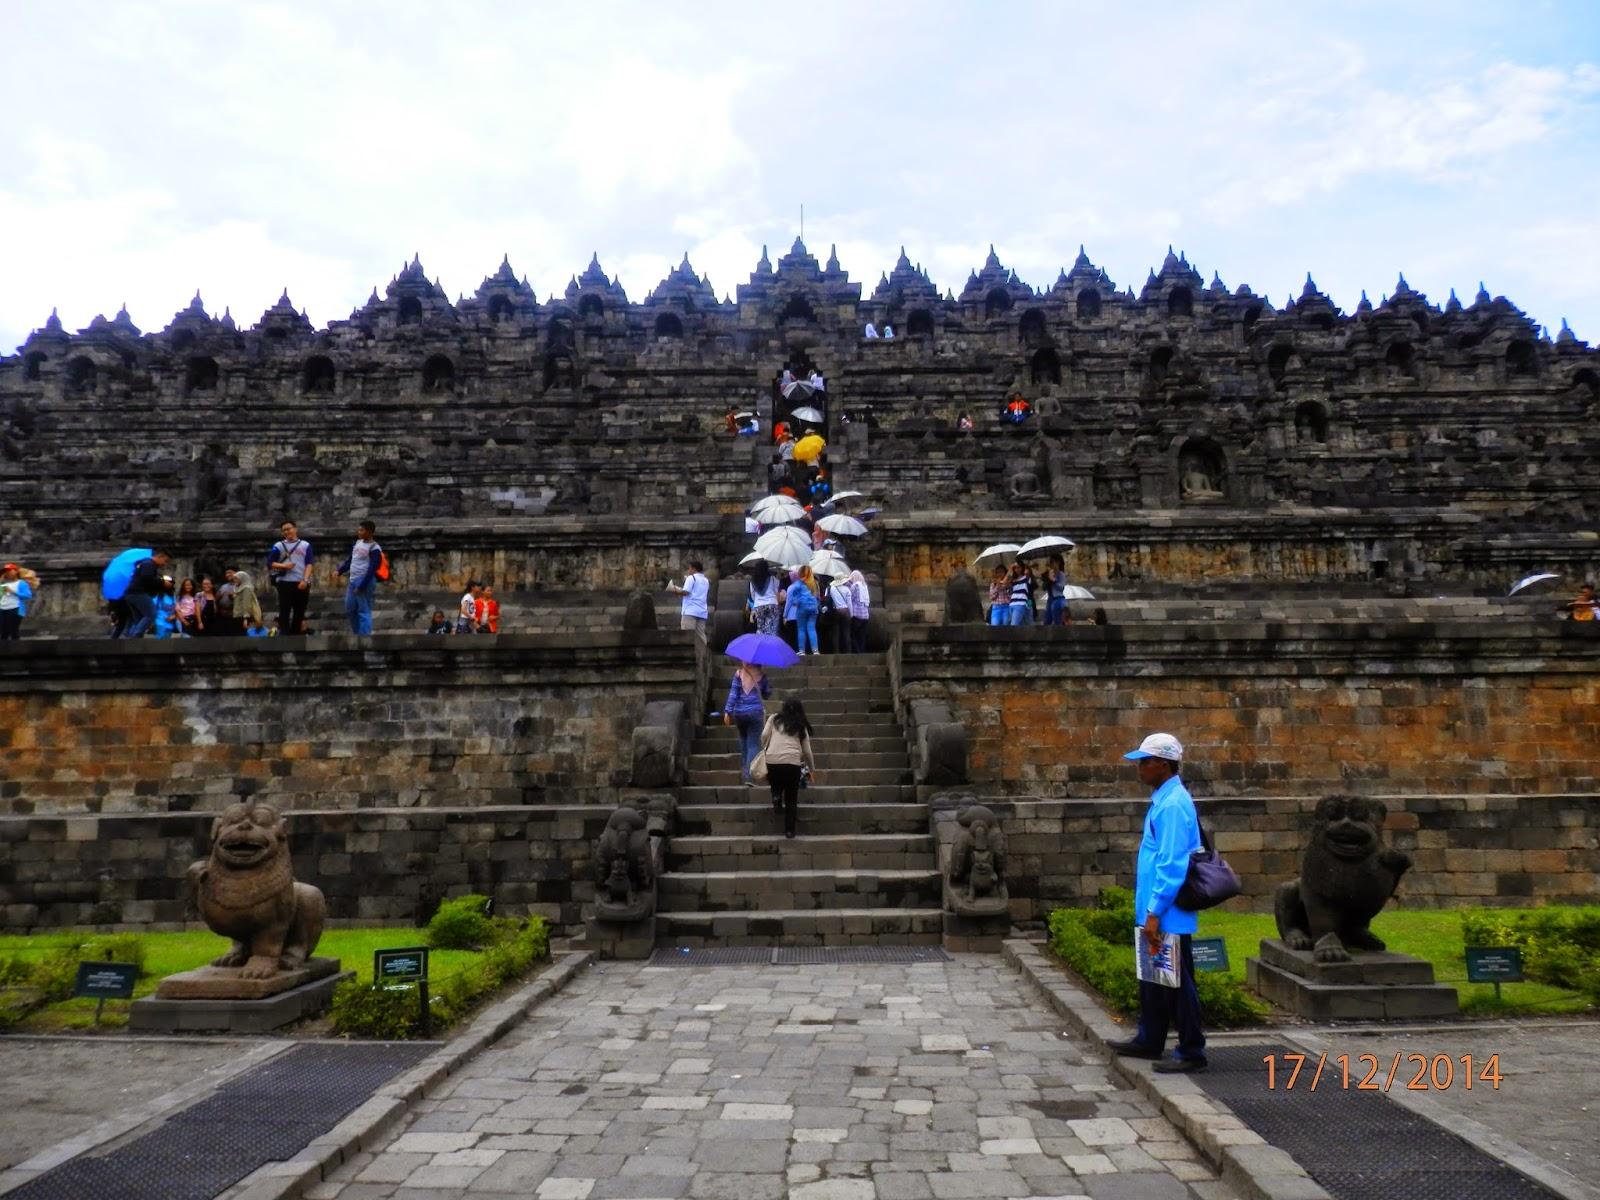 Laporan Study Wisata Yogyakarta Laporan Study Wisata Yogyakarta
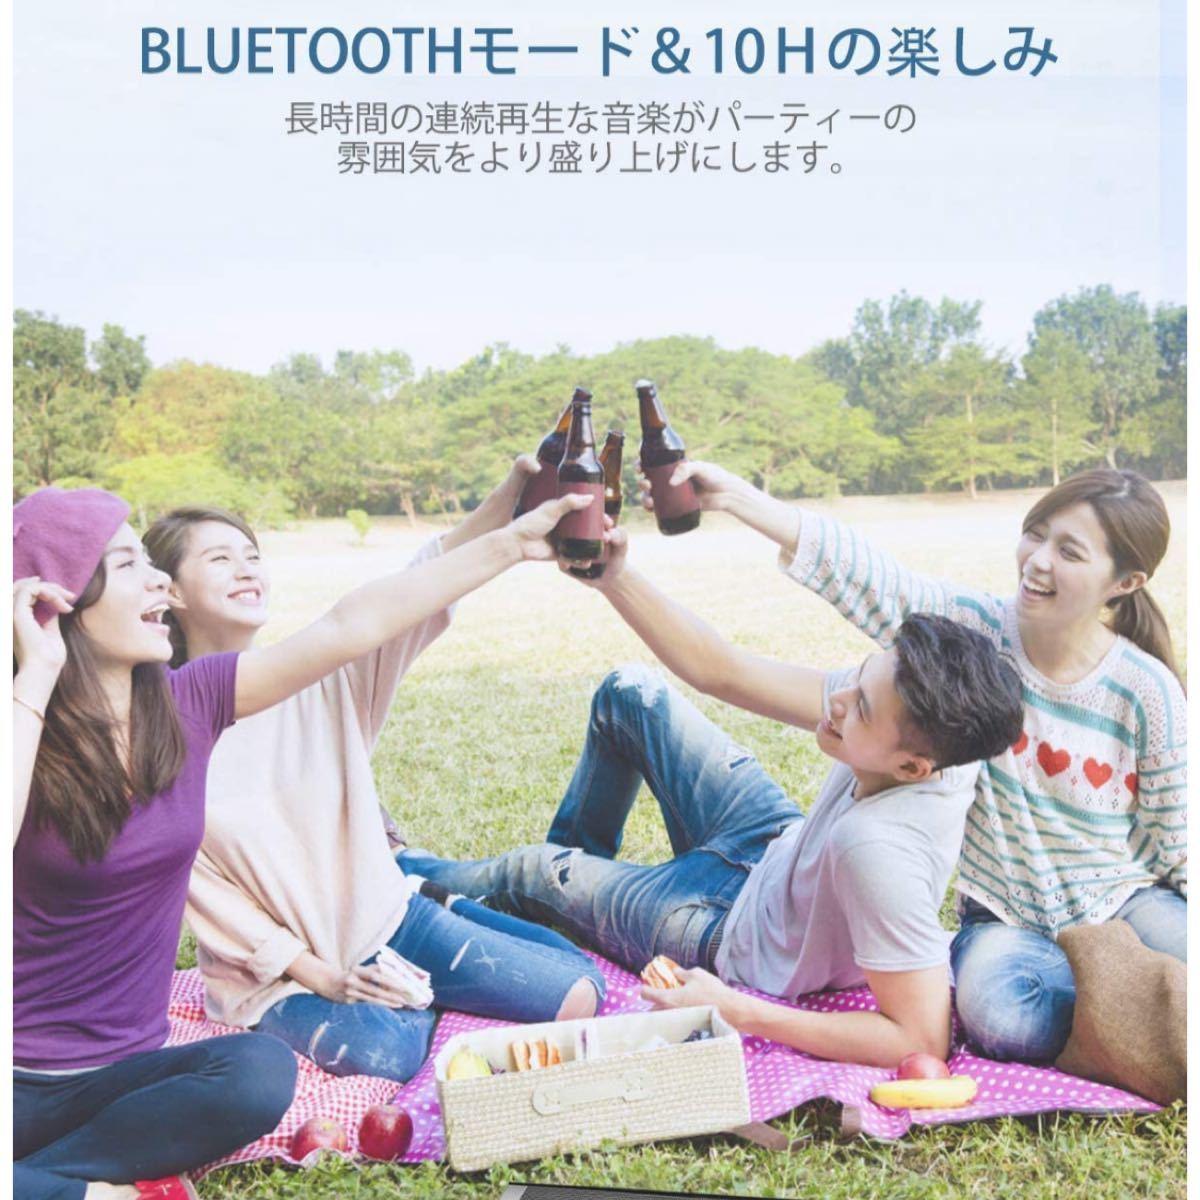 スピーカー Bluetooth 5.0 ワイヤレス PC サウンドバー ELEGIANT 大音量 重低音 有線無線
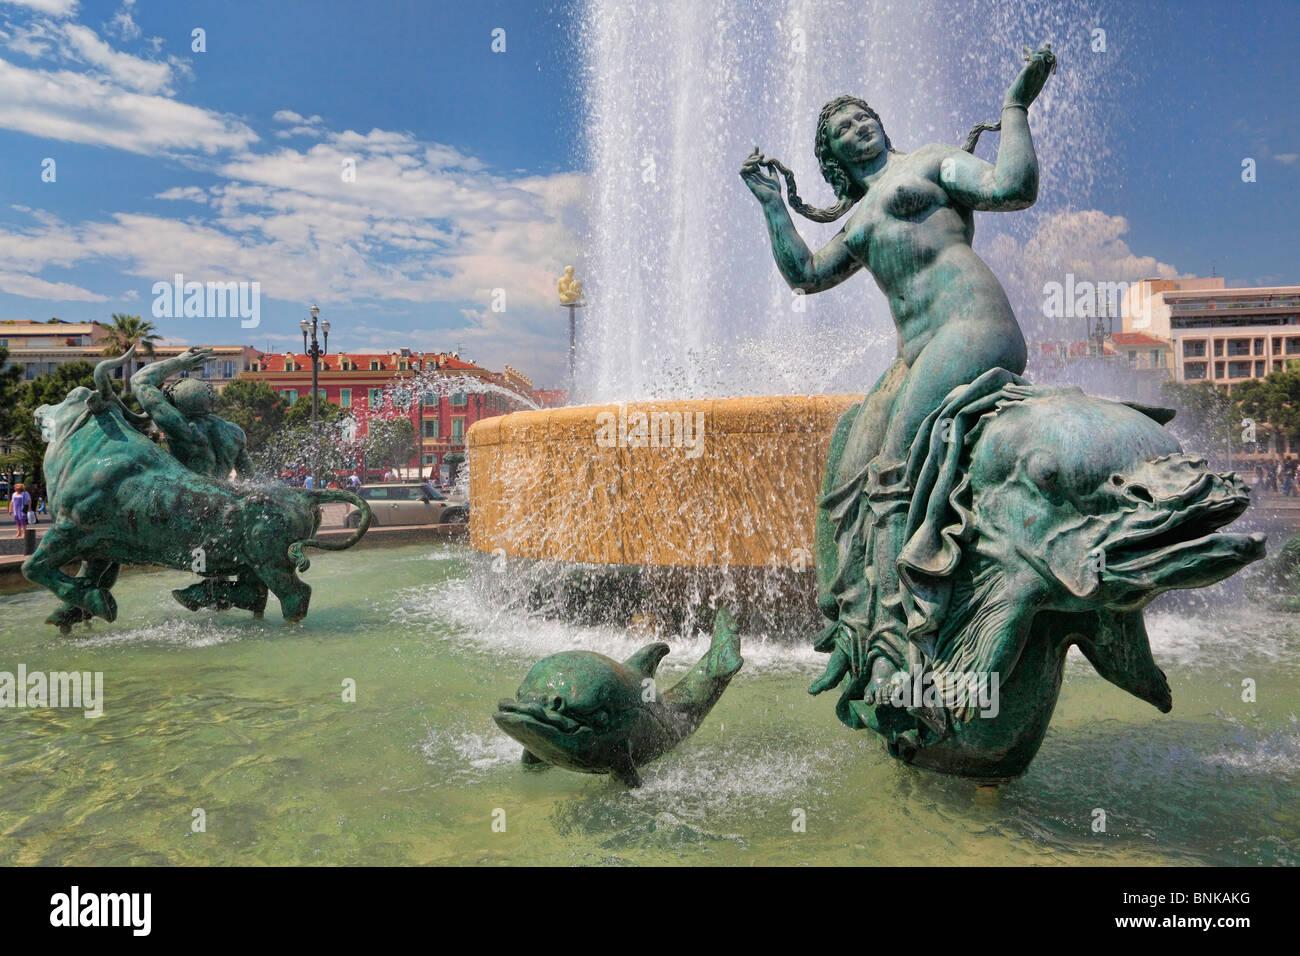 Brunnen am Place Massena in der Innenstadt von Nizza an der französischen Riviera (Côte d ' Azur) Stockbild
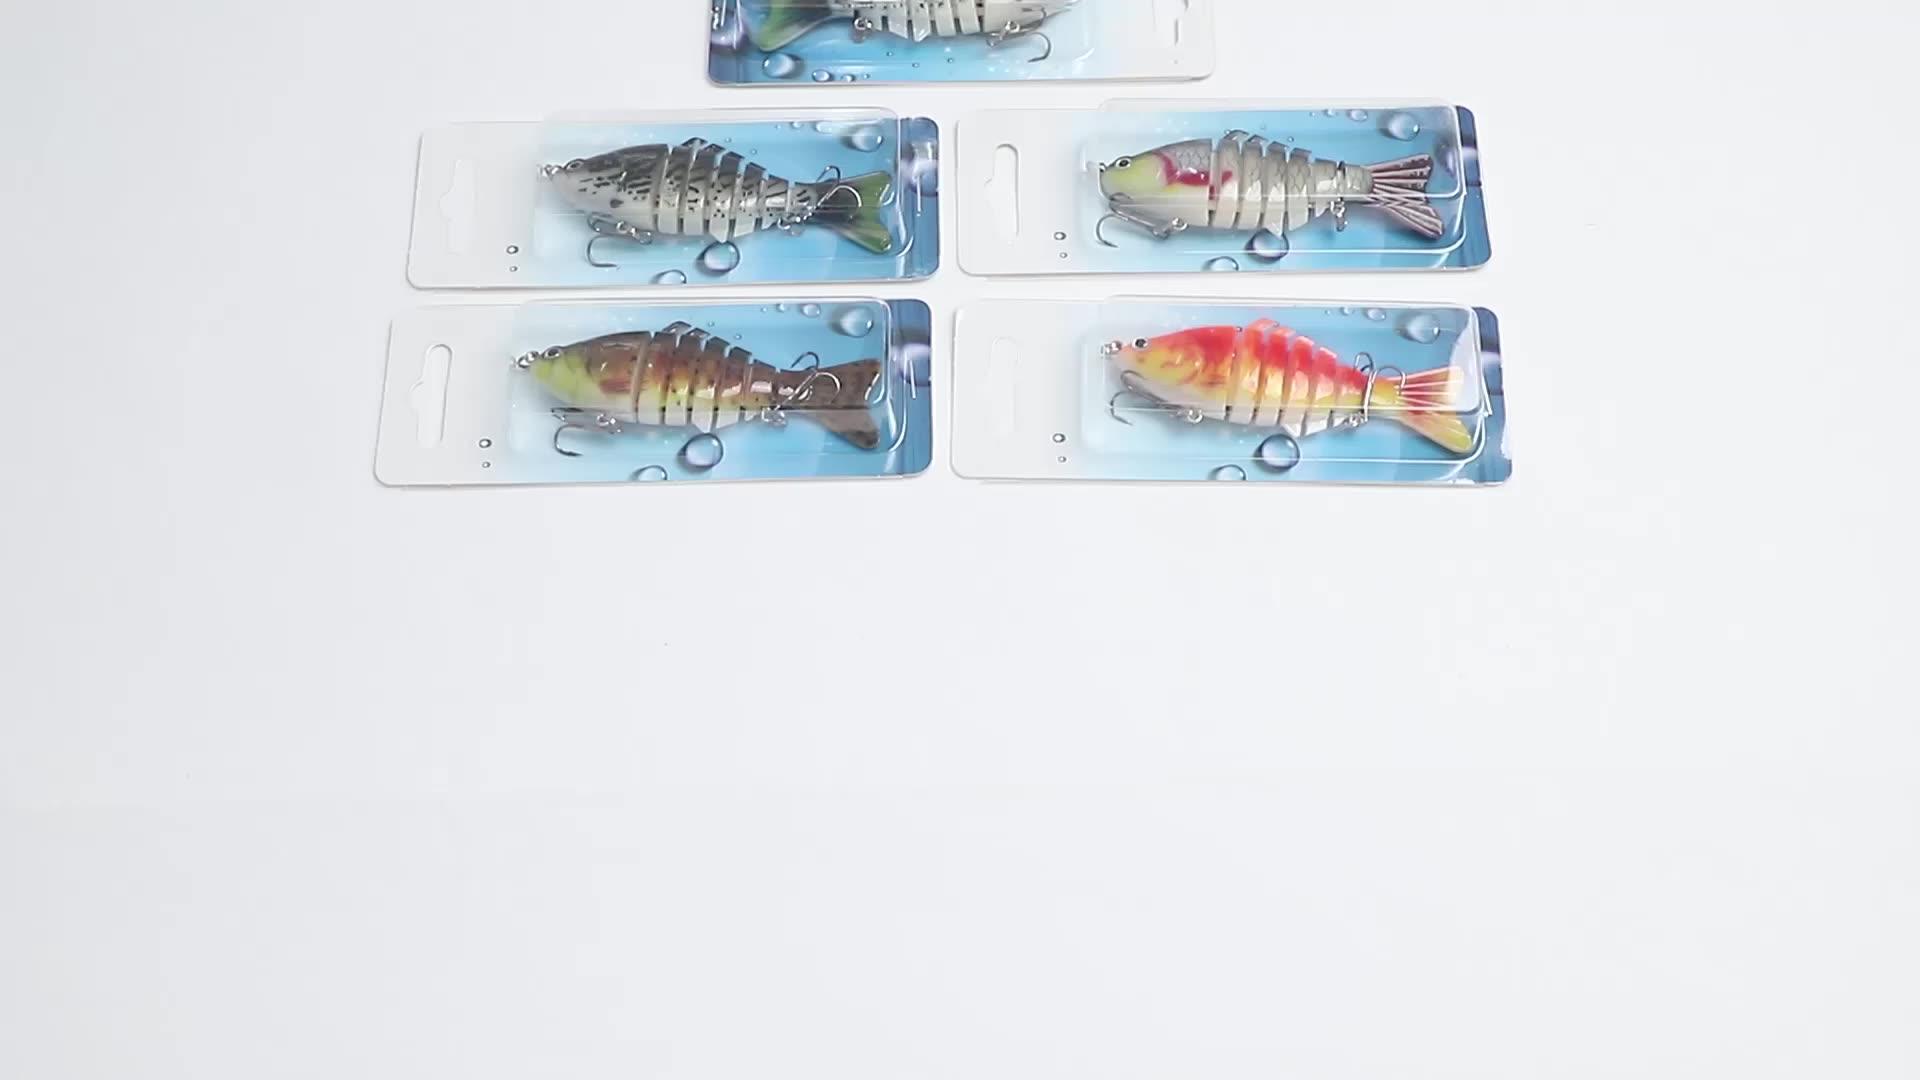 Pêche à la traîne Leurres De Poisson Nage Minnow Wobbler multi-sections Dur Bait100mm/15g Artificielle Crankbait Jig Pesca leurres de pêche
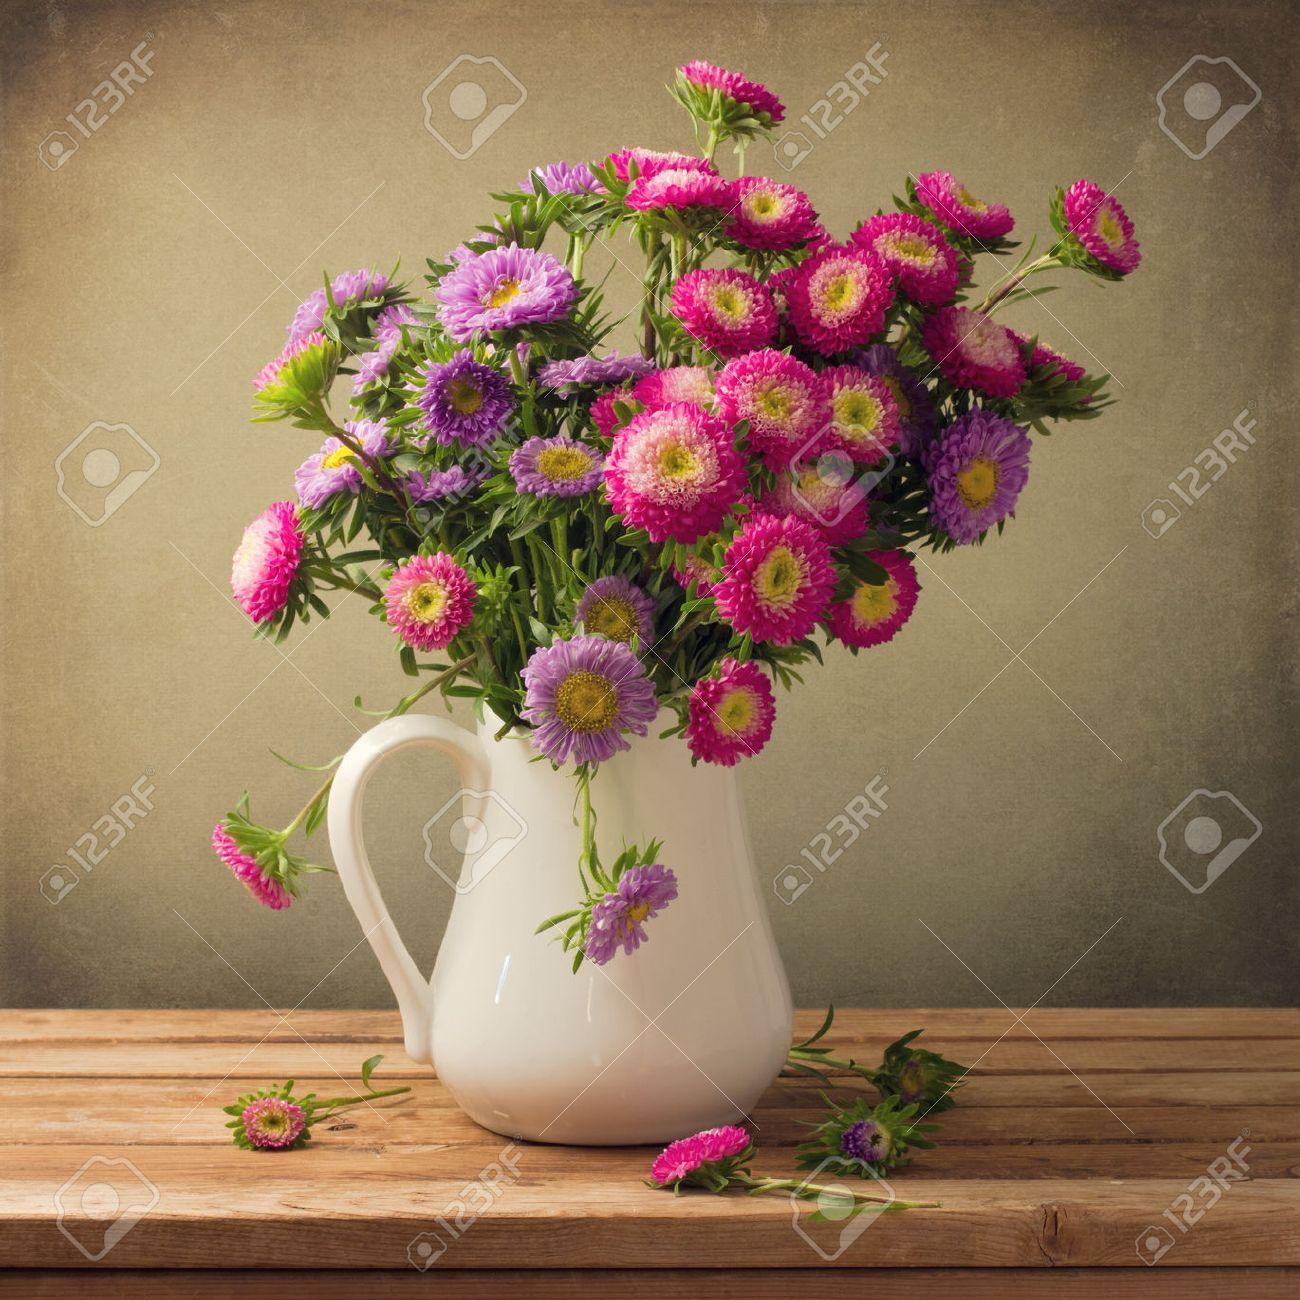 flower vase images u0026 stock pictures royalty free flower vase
::::
WHAT IS NEEDED
In your copy, the listing above should appear word for word, with no images.

TASK RESPONSE
 Laporan Study Wisata Yogyakarta Laporan Study Wisata Yogyakarta
 スピーカー Bluetooth 5.0 ワイヤレス PC サウンドバー ELEGIANT 大音量 重低音 有線無線
 Brunnen am Place Massena in der Innenstadt von Nizza an der französischen Riviera (Côte d ' Azur) Stockbild
 Pêche à la traîne Leurres De Poisson Nage Minnow Wobbler multi-sections Dur Bait100mm/15g Artificielle Crankbait Jig Pesca leurres de pêche
 flower vase images u0026 stock pictures royalty free flower vase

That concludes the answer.